Unique double folding optical parameters for 240 MeV$^{ 6}$Li beam

Theoretical calculations with different interactions and relativistic models have shown that the location of the GMR is sensitive to the symmetry energy. To better determine the contribution from symmetry energy ISGMR measurements should be extended to unstable nuclei using inverse reactions. Most ISGMR information has come from inelastic $\alpha $ scattering but unfortunately helium does not make a good target.

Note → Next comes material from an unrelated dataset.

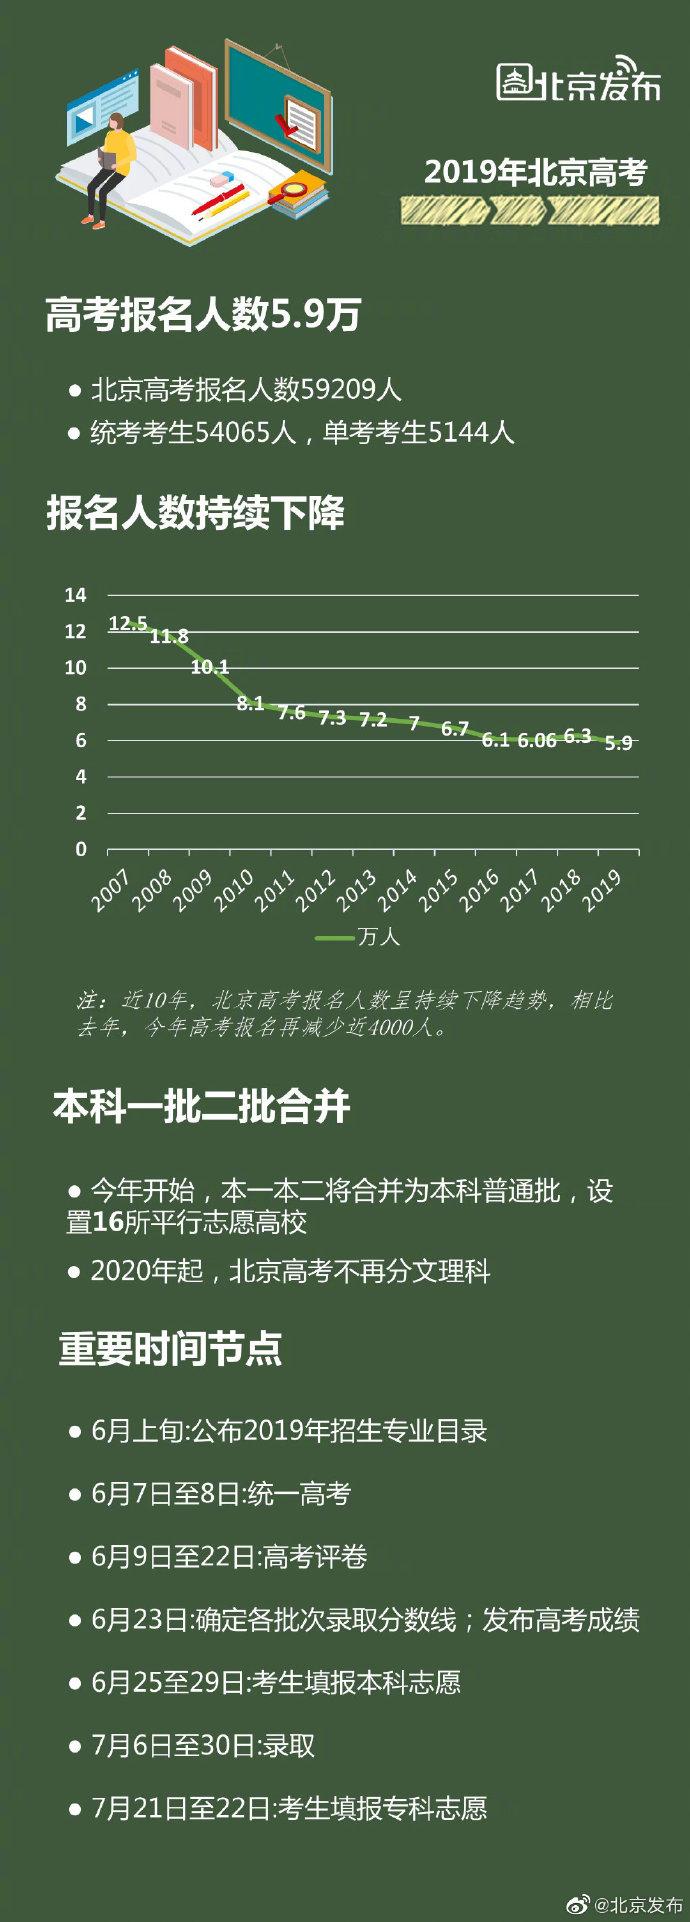 2019年北京高考报名人数5.9万 比去年减少近四千

Chen et al.[1] have demonstrated that $^{6}$Li inelastic scattering at 40 MeV/A is a viable reaction for ISGMR studies and $^{6}$Li foil targets are well suited to these studies. Here we report results for elastic scattering of 240 MeV $^{6}$Li ions on $^{24}$Mg, $^{28}$Si, $^{40}$Ca, $^{48}$Ca, $^{58}$Ni, $^{90}$Zr, and $^{116}$Sn and inelastic scattering to low-lying states of these targets to develop a systematic optical potential that can be used in Giant Resonance studies of unstable nuclei. Density dependent double folding calculations using the M3Y effective NN interaction were used to obtain the real part of the optical potential and the transition potential. A Woods-Saxon potential was used for the imaginary part. B(EL) values obtained for low lying 2$^{+}$ and 3$^{-}$ states are mostly in agreement with the adopted values. The progress on developing a systematic potential will be presented. [1] X.Chen et al., Phys.Rev. C79,024320(2009).